Problem description:
Each line below must be reproduced exactly as it stands. Pictures stay out of the copy.
--- Given information ---
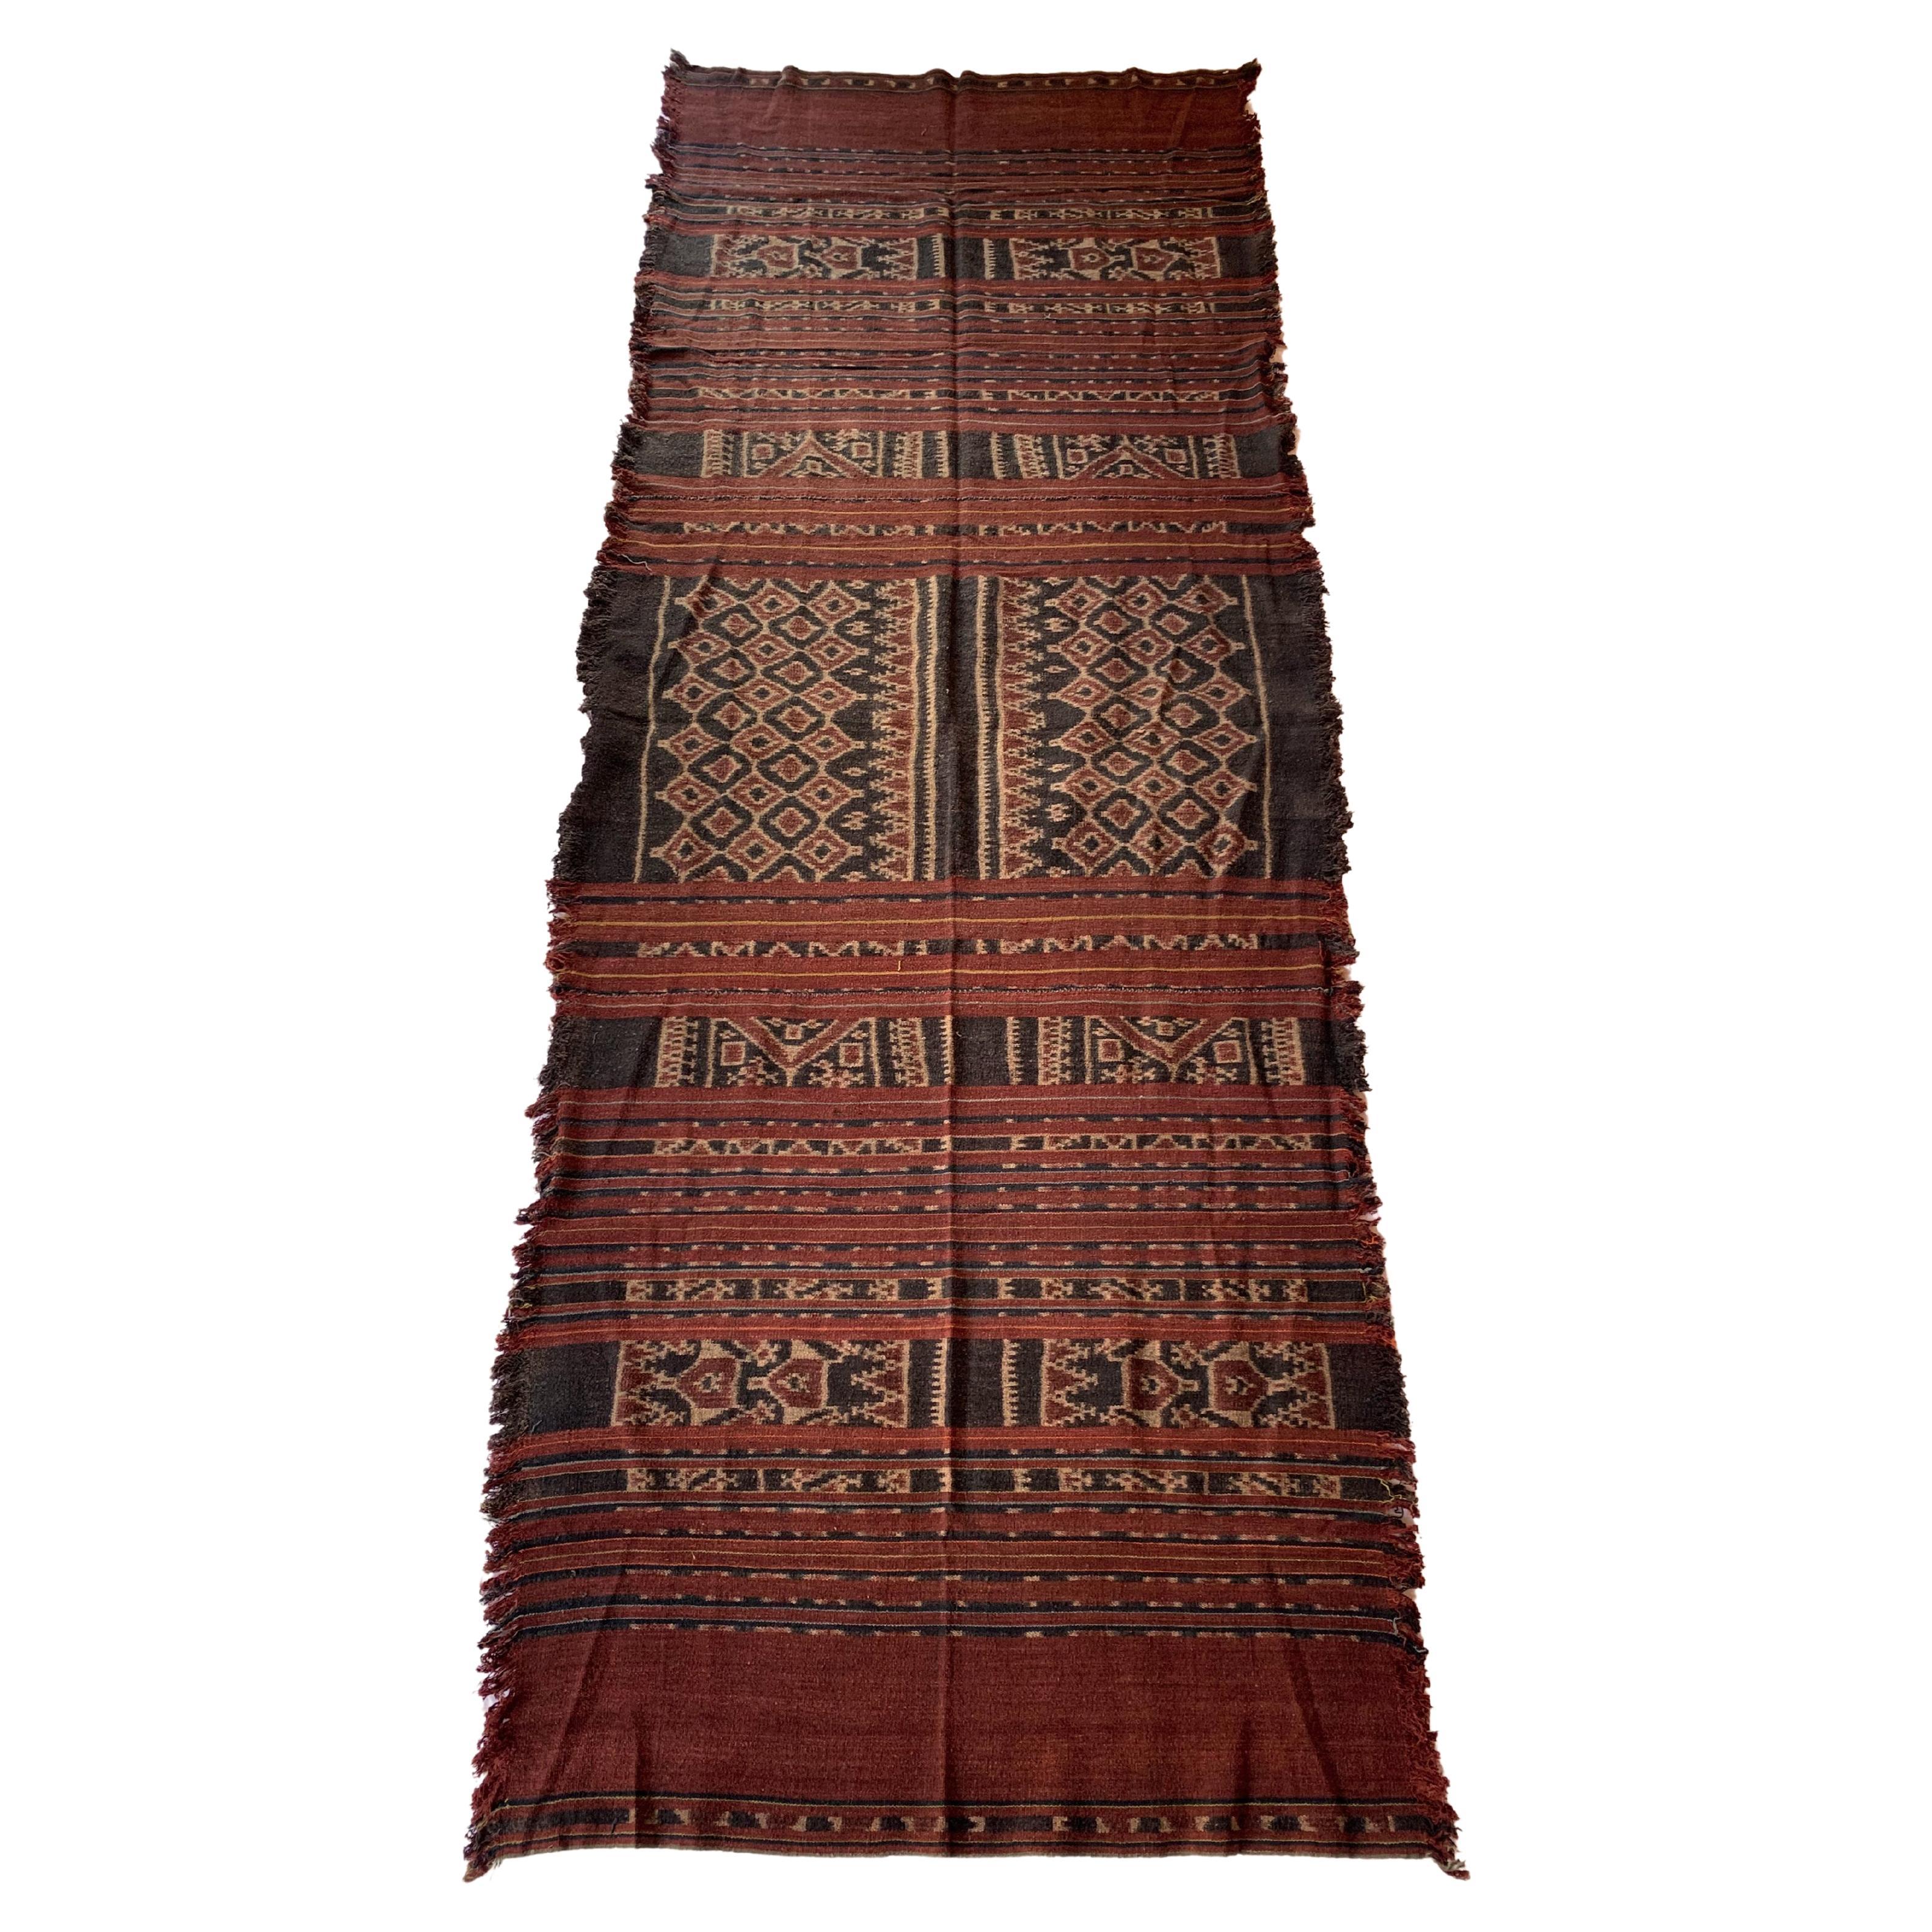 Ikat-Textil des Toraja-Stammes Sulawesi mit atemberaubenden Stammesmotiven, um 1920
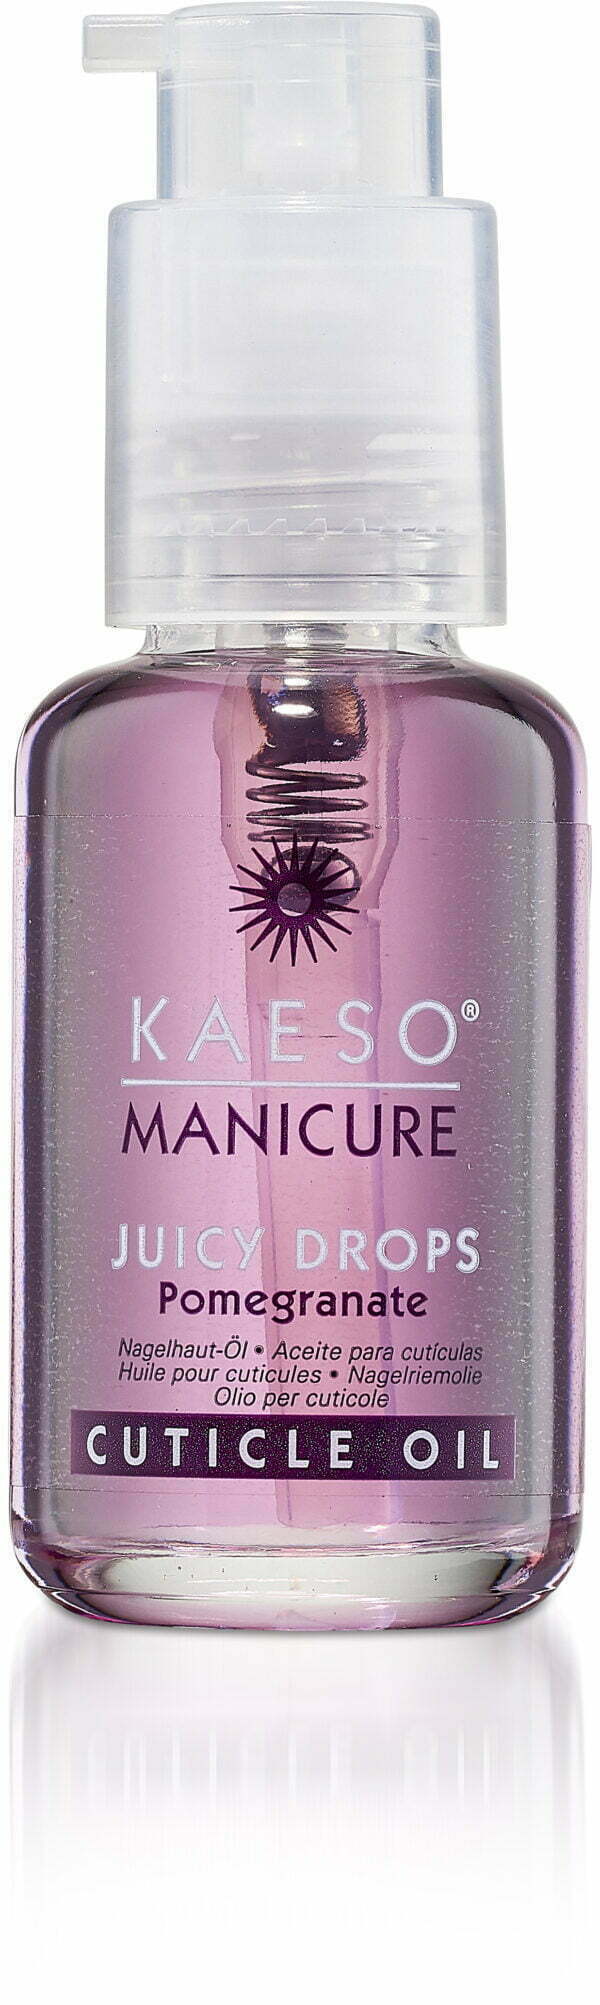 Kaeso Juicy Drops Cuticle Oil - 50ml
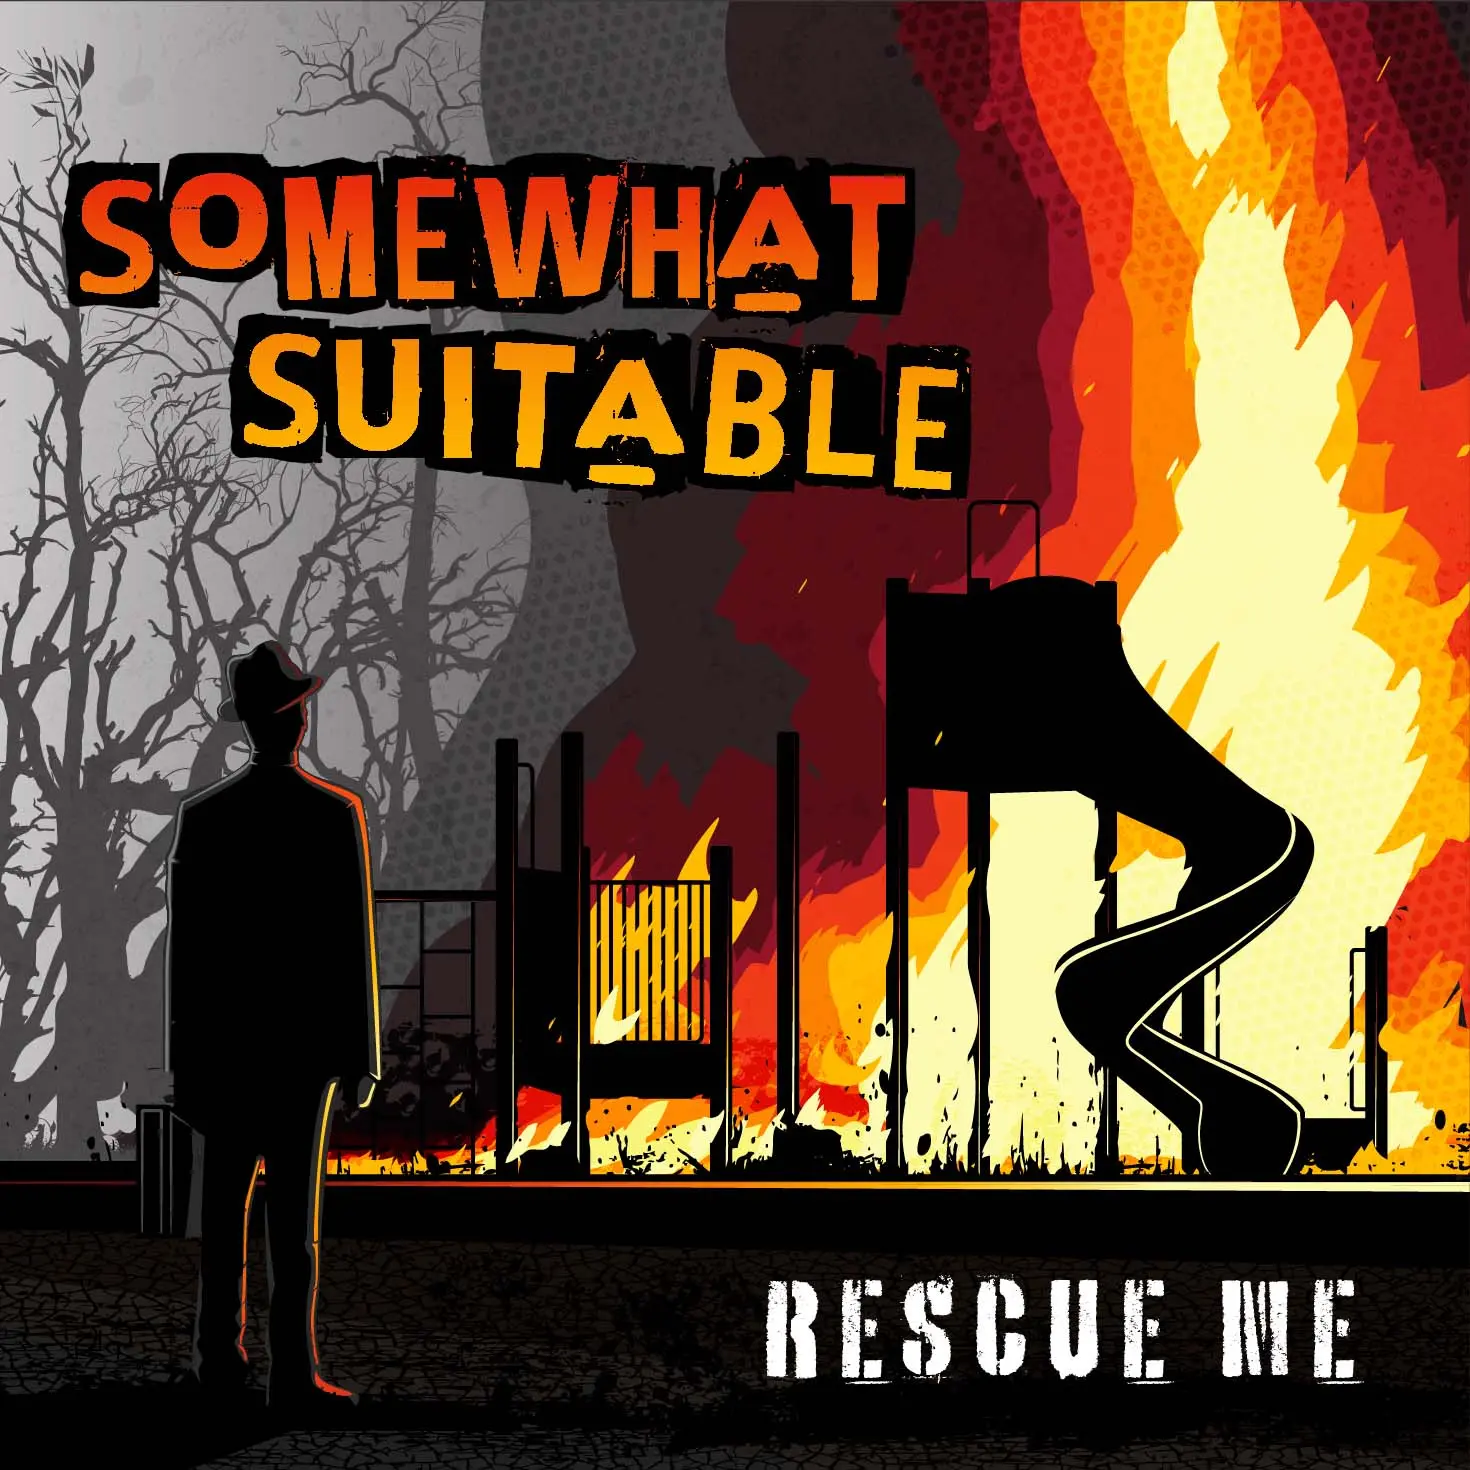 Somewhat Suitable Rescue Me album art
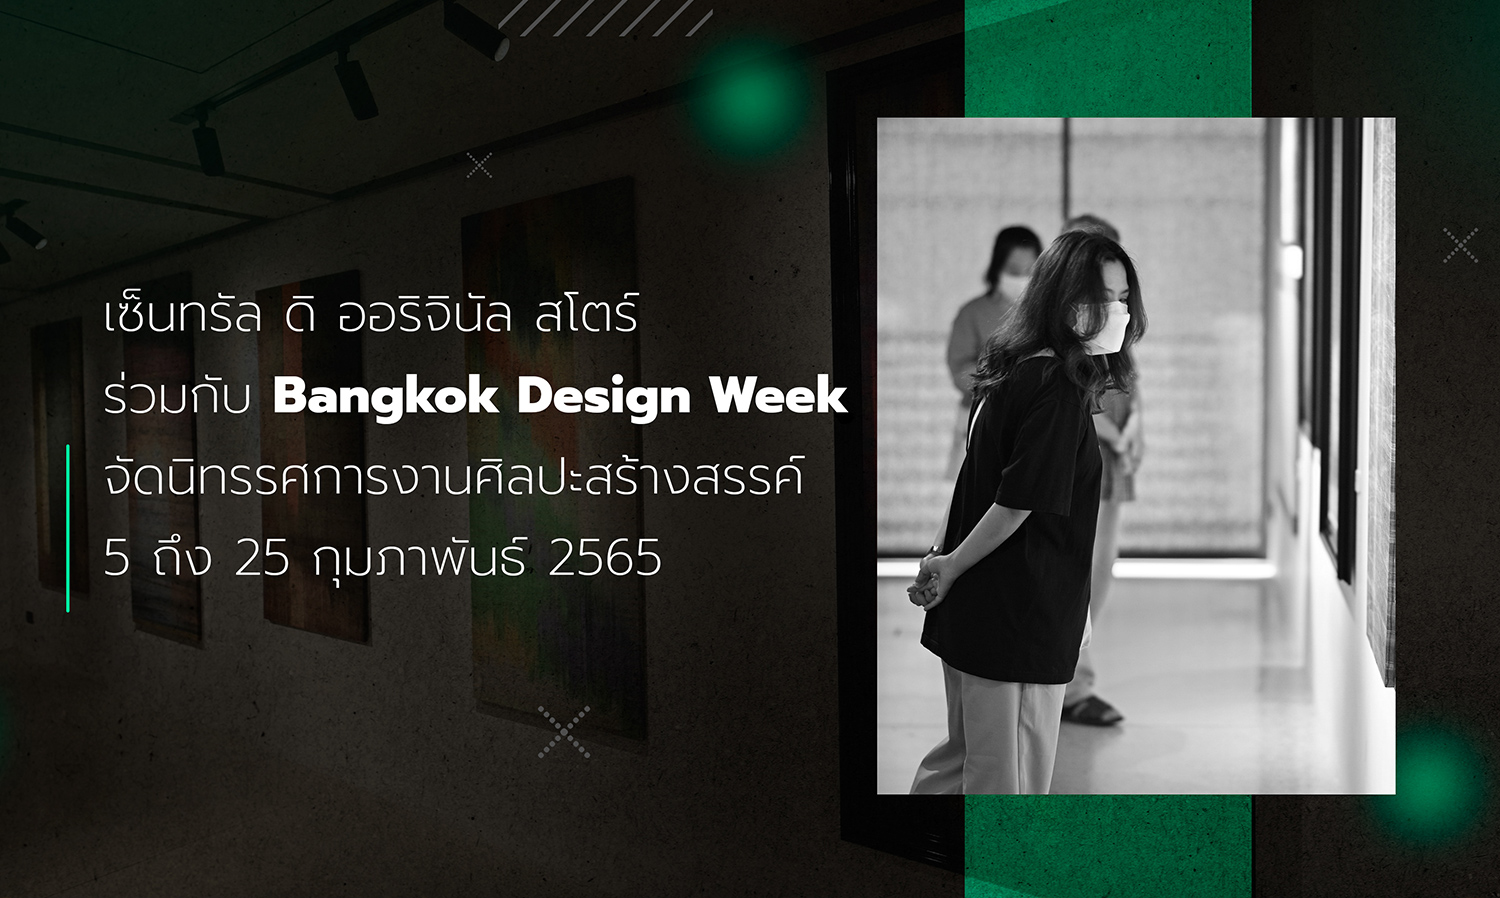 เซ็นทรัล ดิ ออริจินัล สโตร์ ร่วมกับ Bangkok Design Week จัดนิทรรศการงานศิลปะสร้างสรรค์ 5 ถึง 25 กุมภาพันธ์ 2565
---
Output:
 Ikat-Textil des Toraja-Stammes Sulawesi mit atemberaubenden Stammesmotiven, um 1920
 Kaeso Juicy Drops Cuticle Oil - 50ml
 Somewhat Suitable Rescue Me album art
 เซ็นทรัล ดิ ออริจินัล สโตร์ ร่วมกับ Bangkok Design Week จัดนิทรรศการงานศิลปะสร้างสรรค์ 5 ถึง 25 กุมภาพันธ์ 2565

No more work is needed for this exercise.